• **Activity**: Go to the line containing "Bracelet de tennis" below; retype it and all following lines exactly, and leave out the pictures.

• **Supplied material**:
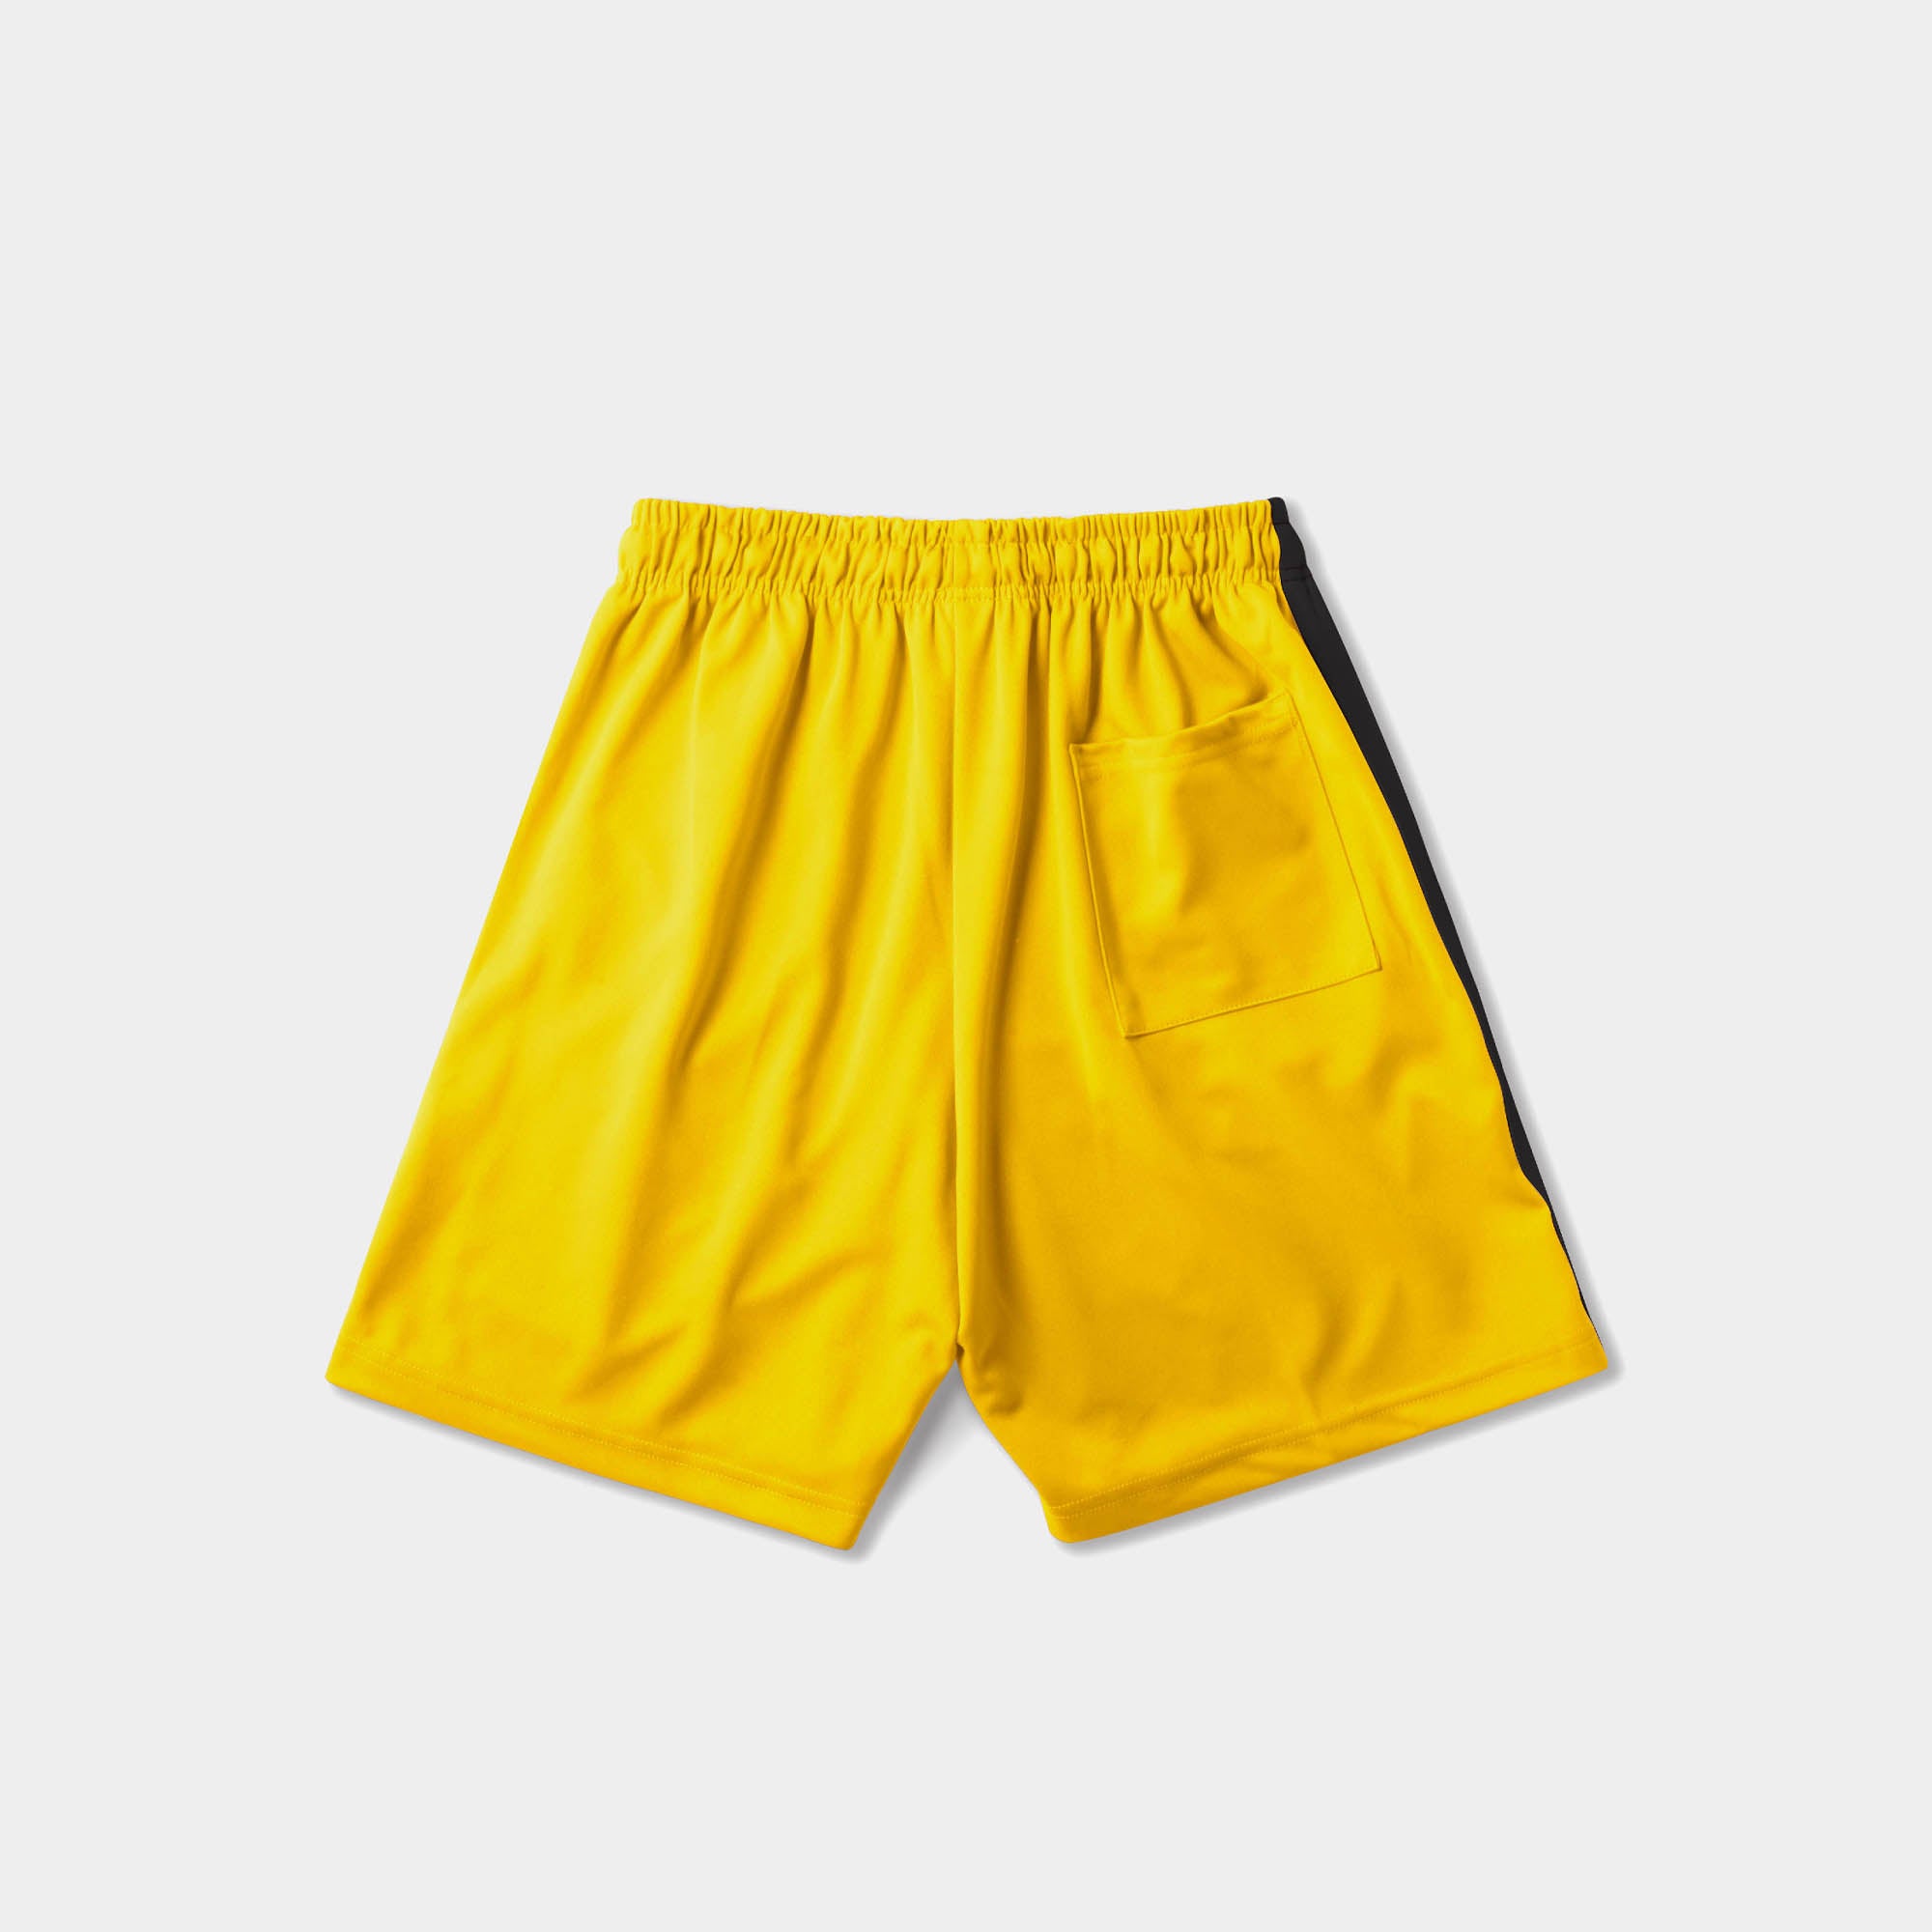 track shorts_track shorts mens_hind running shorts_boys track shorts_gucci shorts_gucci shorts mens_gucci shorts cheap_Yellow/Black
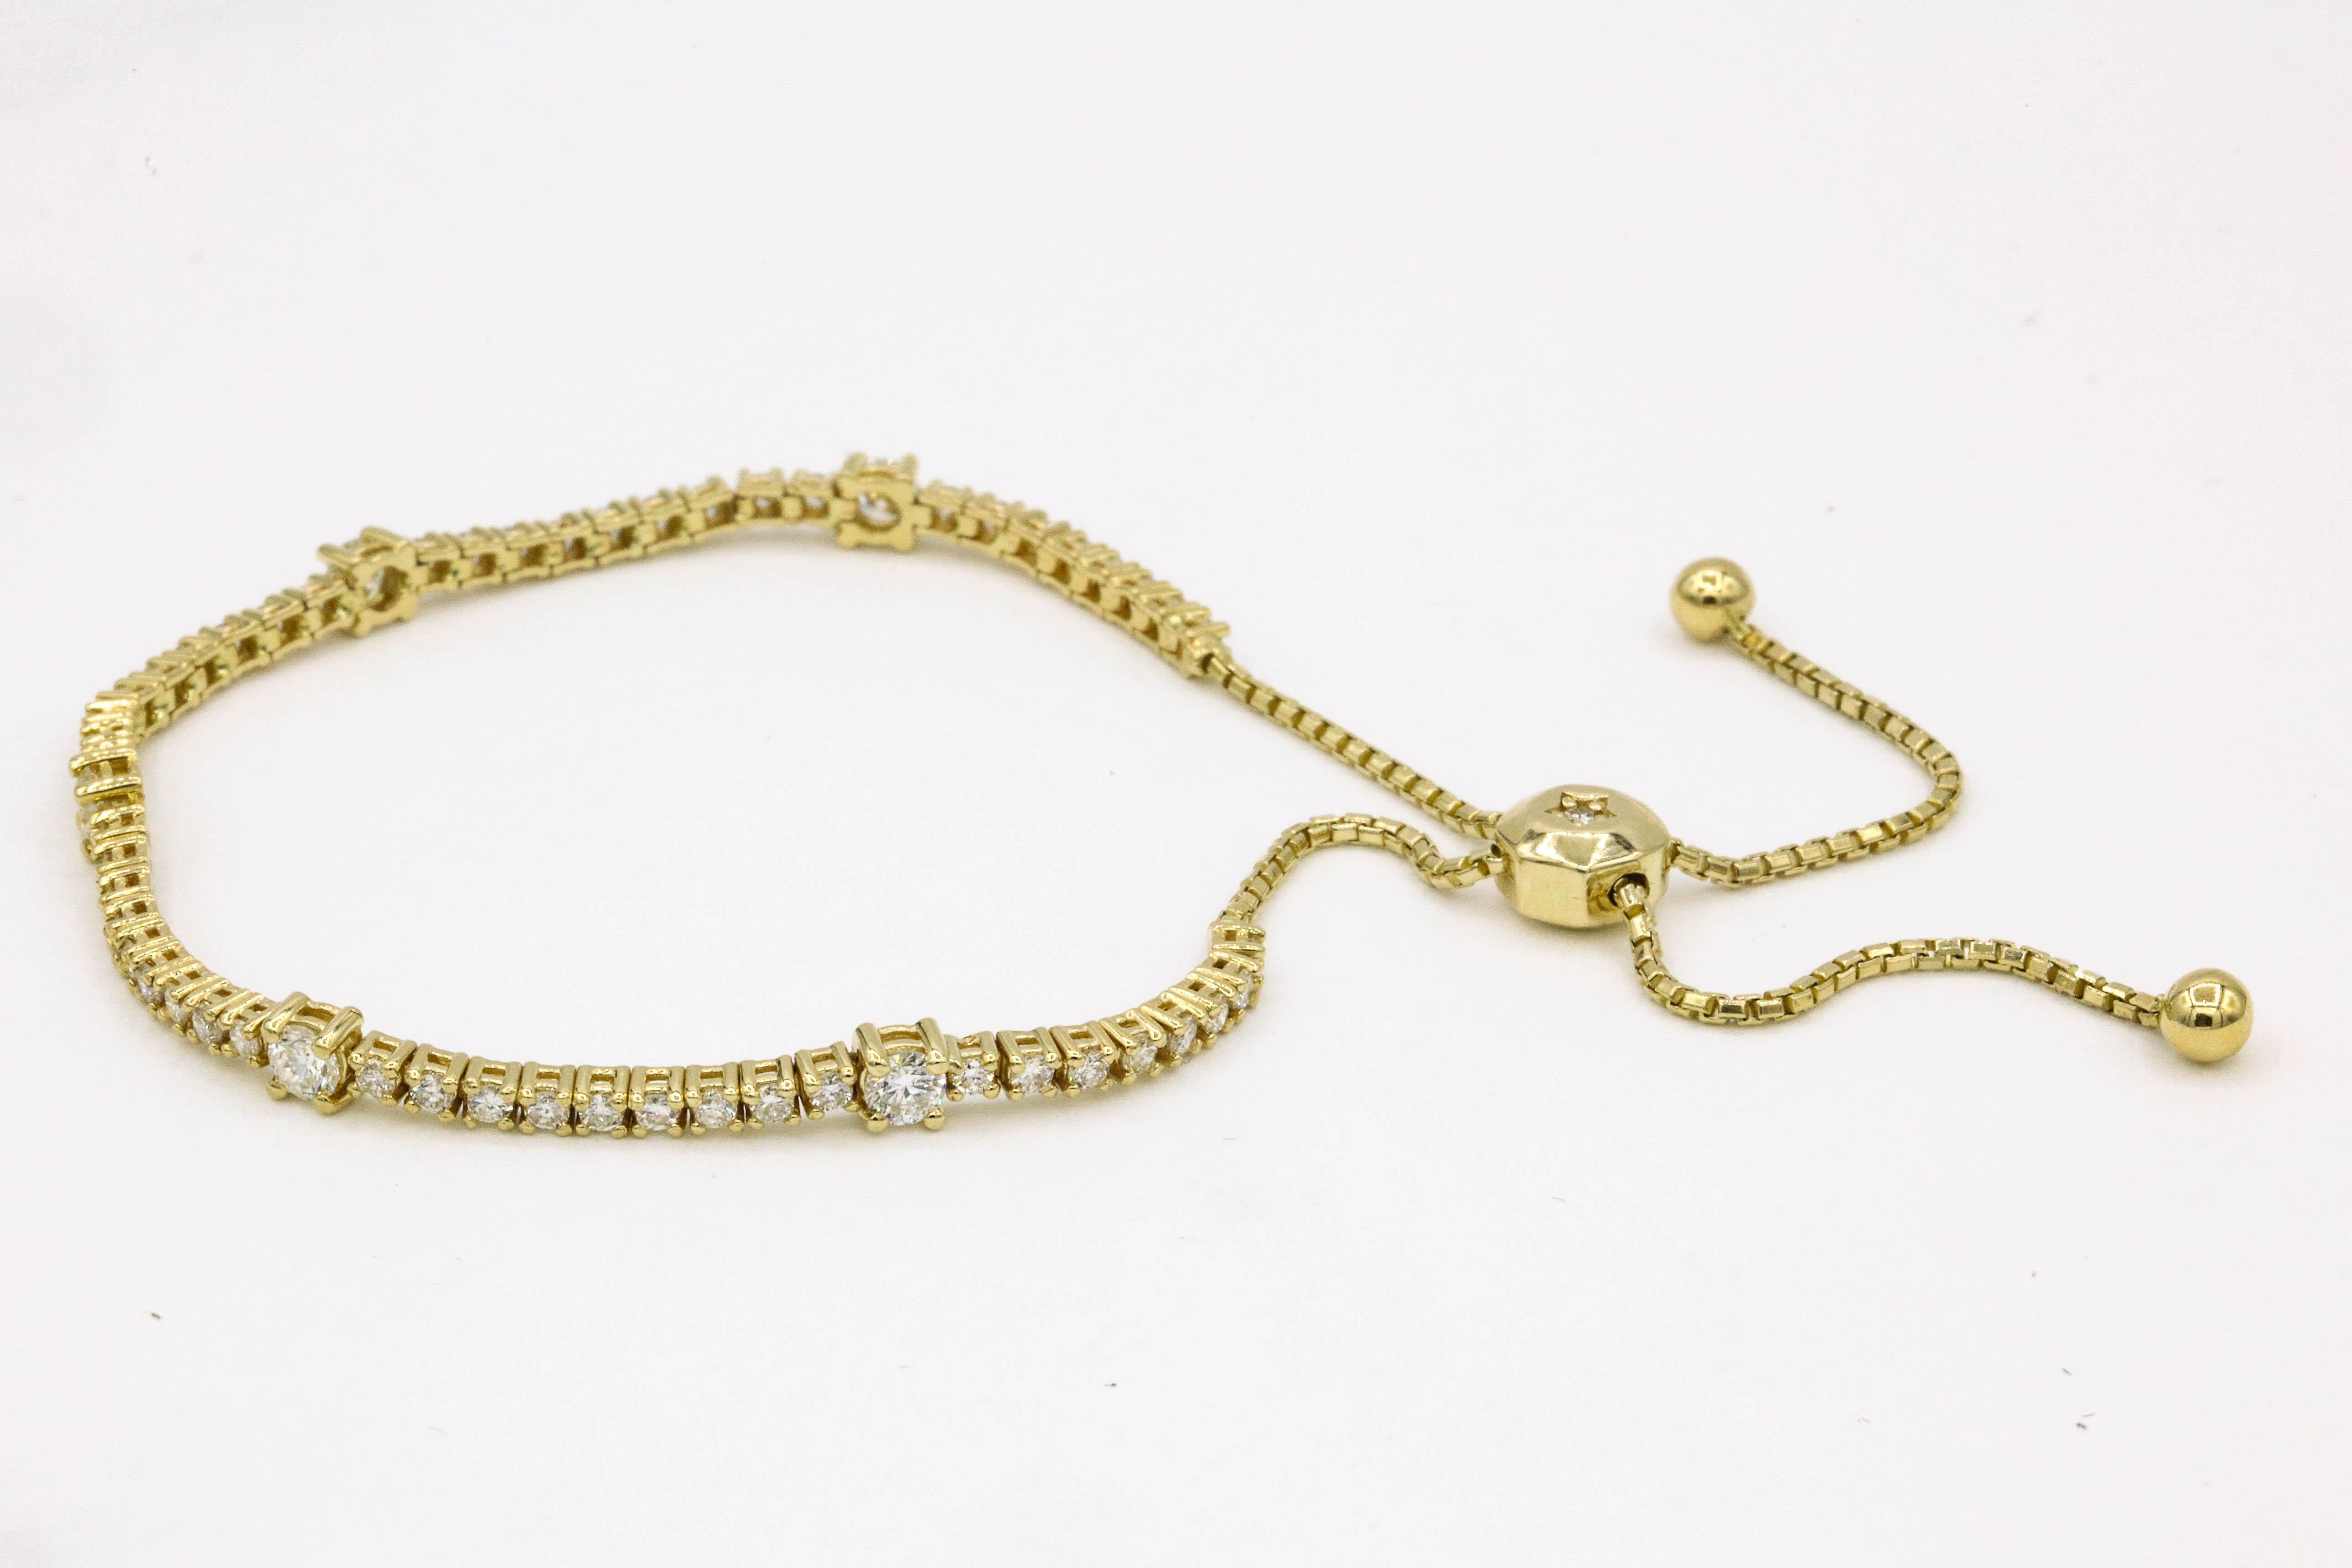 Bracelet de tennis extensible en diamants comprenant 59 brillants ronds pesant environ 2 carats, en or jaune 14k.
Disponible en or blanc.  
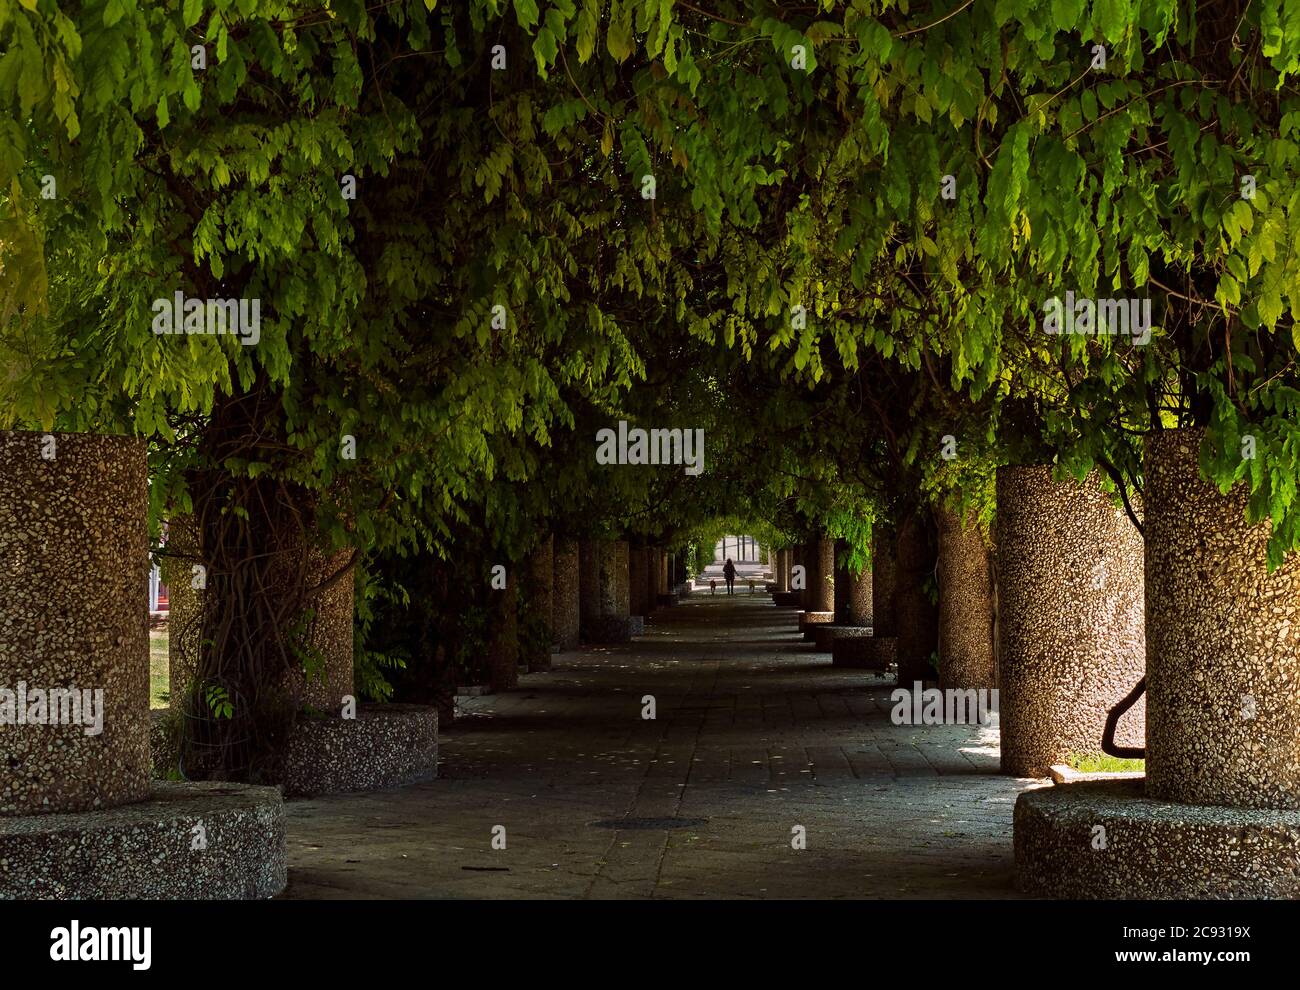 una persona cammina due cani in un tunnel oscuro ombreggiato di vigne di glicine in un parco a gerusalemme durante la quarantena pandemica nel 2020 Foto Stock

• **Answer for the task**:
 Bracelet de tennis extensible en diamants comprenant 59 brillants ronds pesant environ 2 carats, en or jaune 14k.
Disponible en or blanc.  
 una persona cammina due cani in un tunnel oscuro ombreggiato di vigne di glicine in un parco a gerusalemme durante la quarantena pandemica nel 2020 Foto Stock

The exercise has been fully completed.